# SUPPLIED MATERIAL:
- - -
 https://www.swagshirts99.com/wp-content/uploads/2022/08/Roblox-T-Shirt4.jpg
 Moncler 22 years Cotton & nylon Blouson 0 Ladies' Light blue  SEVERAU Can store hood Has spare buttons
- - -
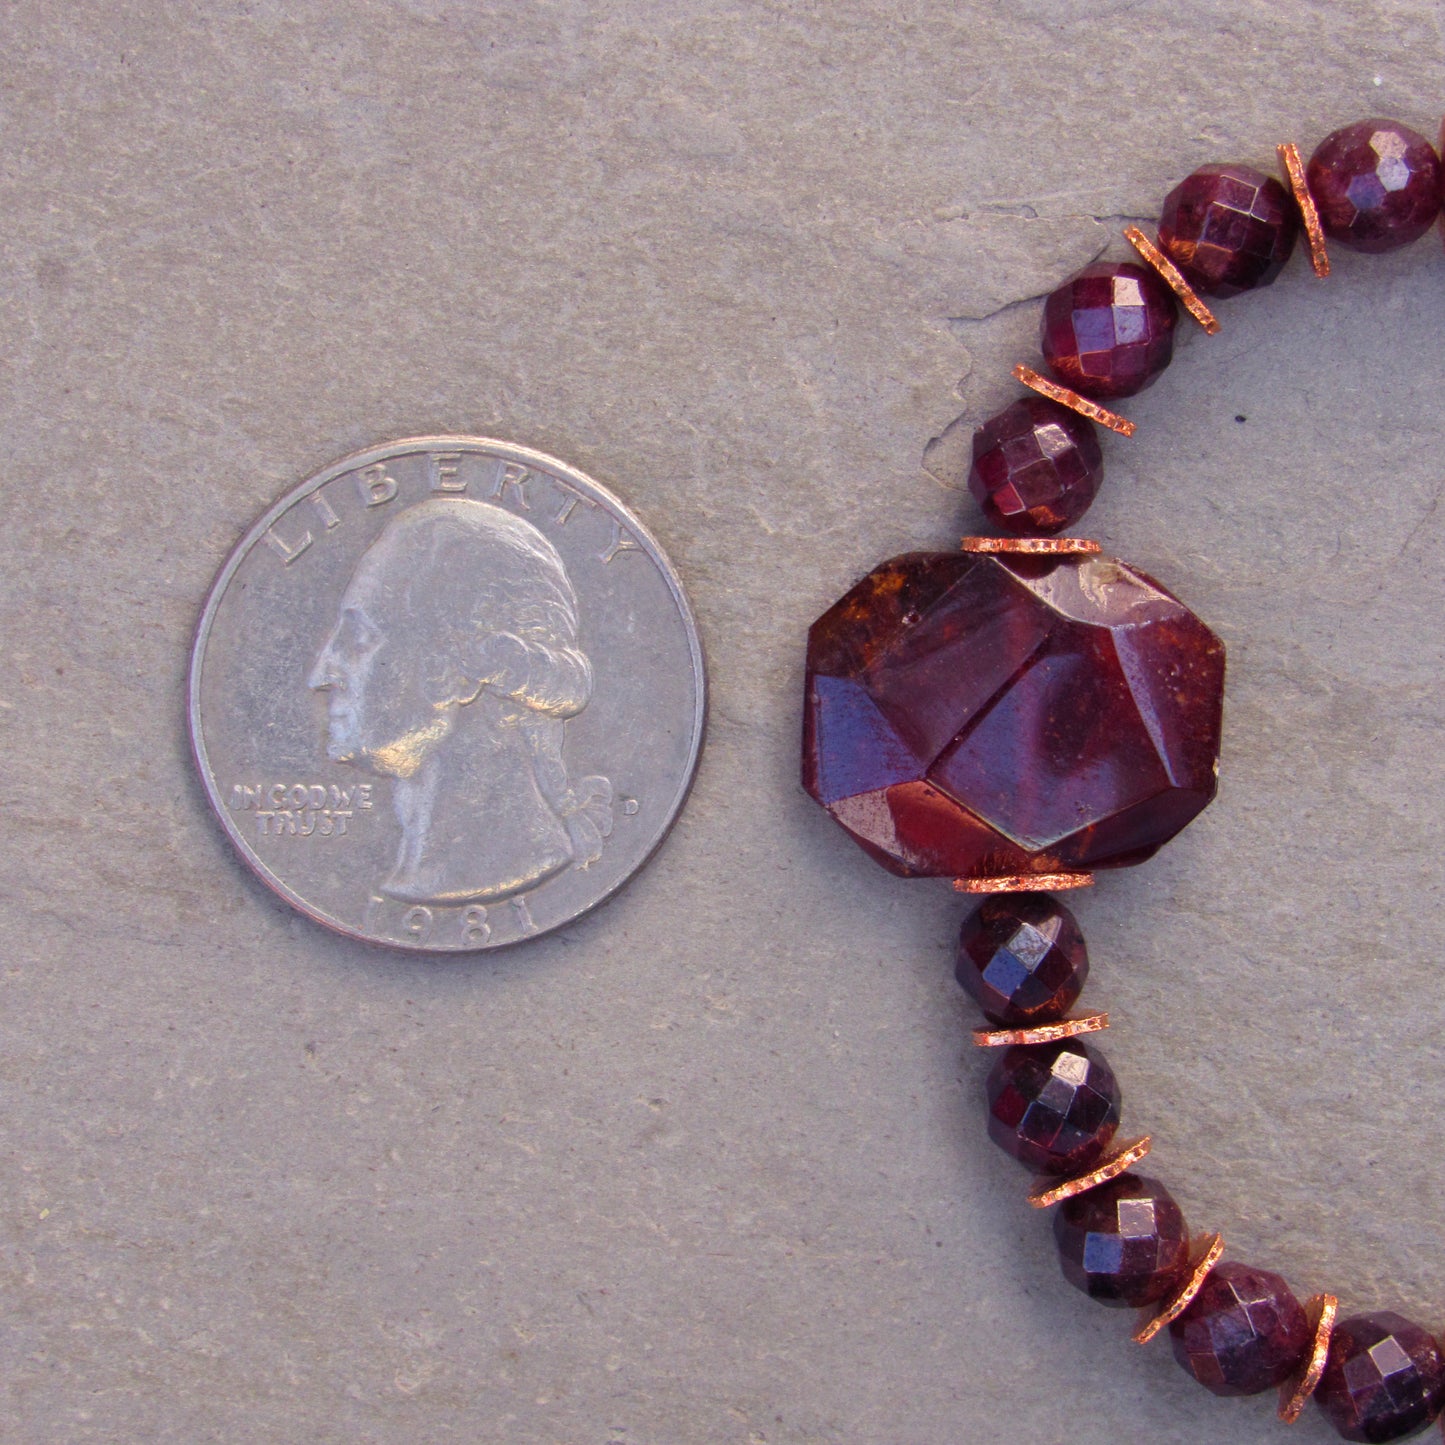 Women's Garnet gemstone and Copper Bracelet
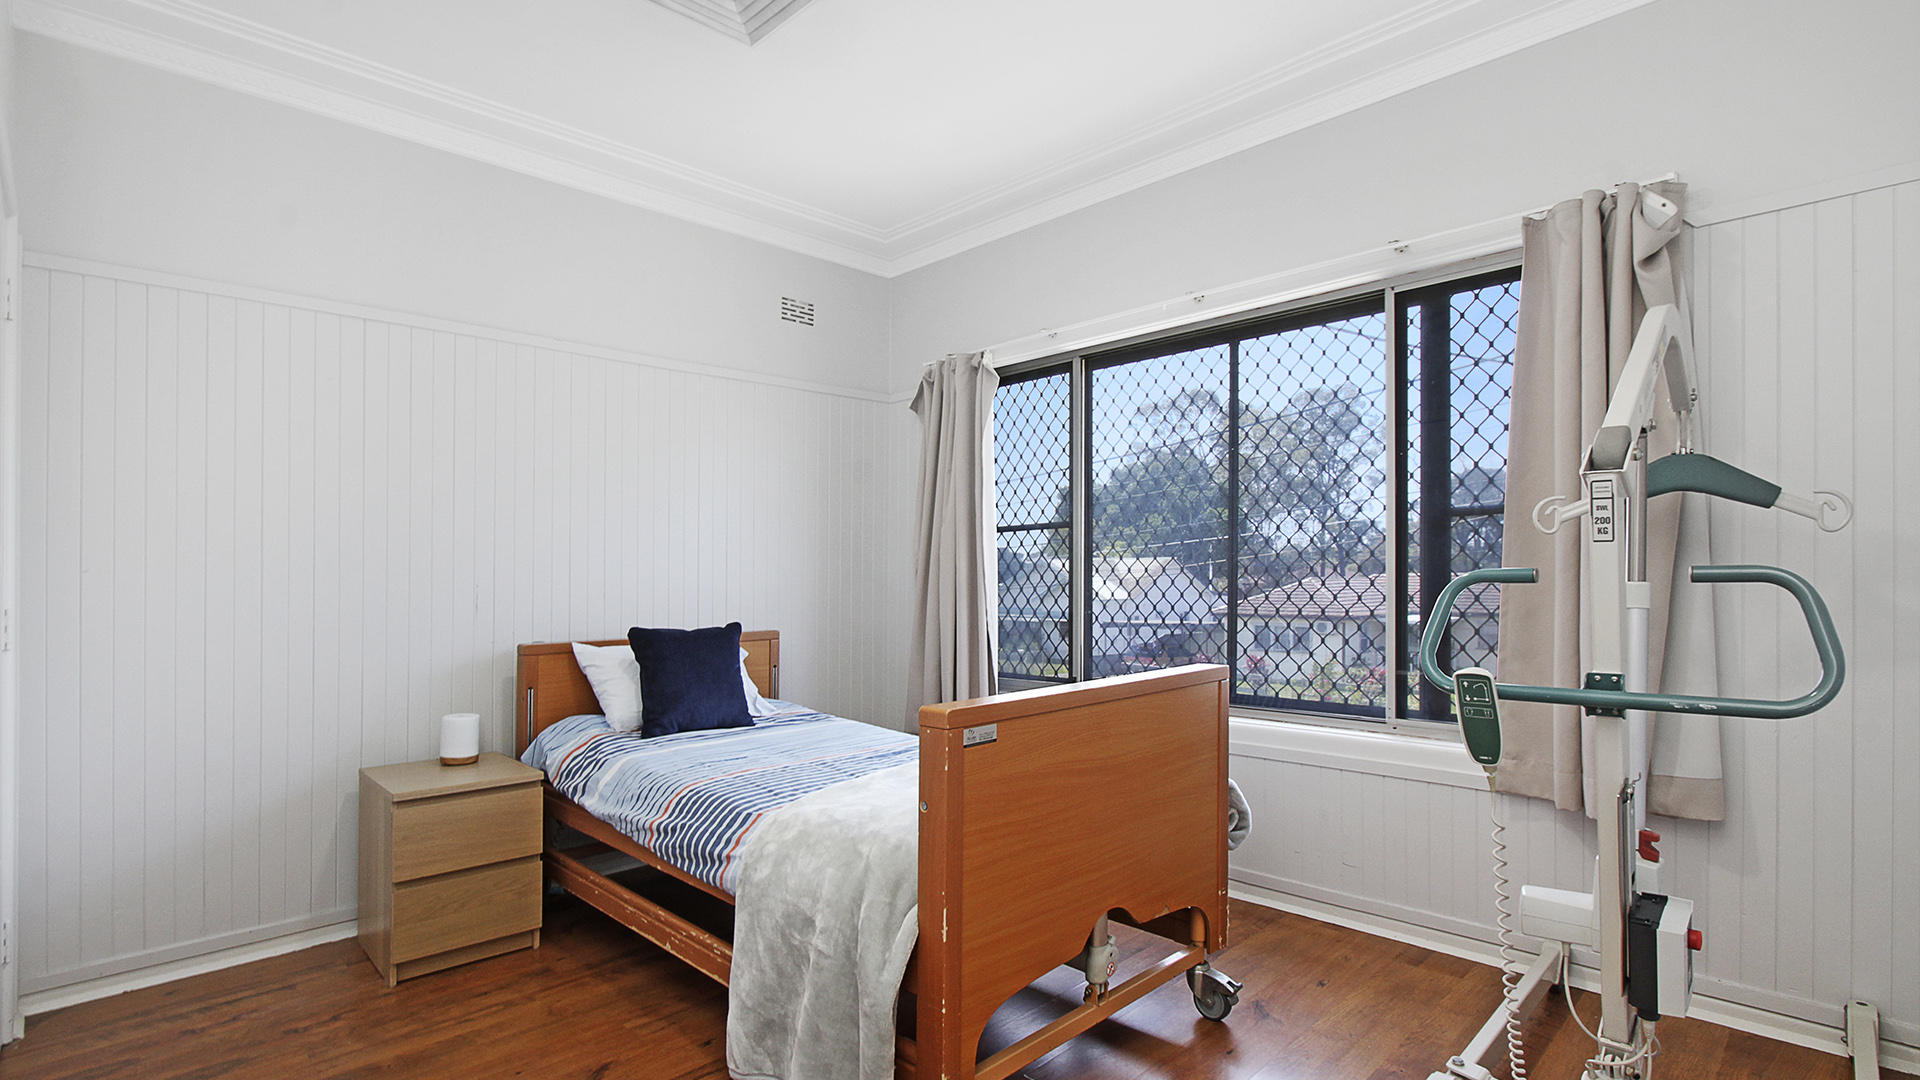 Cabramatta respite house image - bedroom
- - -
# WORK REQUIRED:
Your answer should be the lines above, word for word, from the line with "Women's Garnet gemstone and Copper Bracelet" through the line with "Cabramatta respite house image - bedroom", minus the pictures.

# ANSWER TO THIS PROBLEM:
 Women's Garnet gemstone and Copper Bracelet
 Cabramatta respite house image - bedroom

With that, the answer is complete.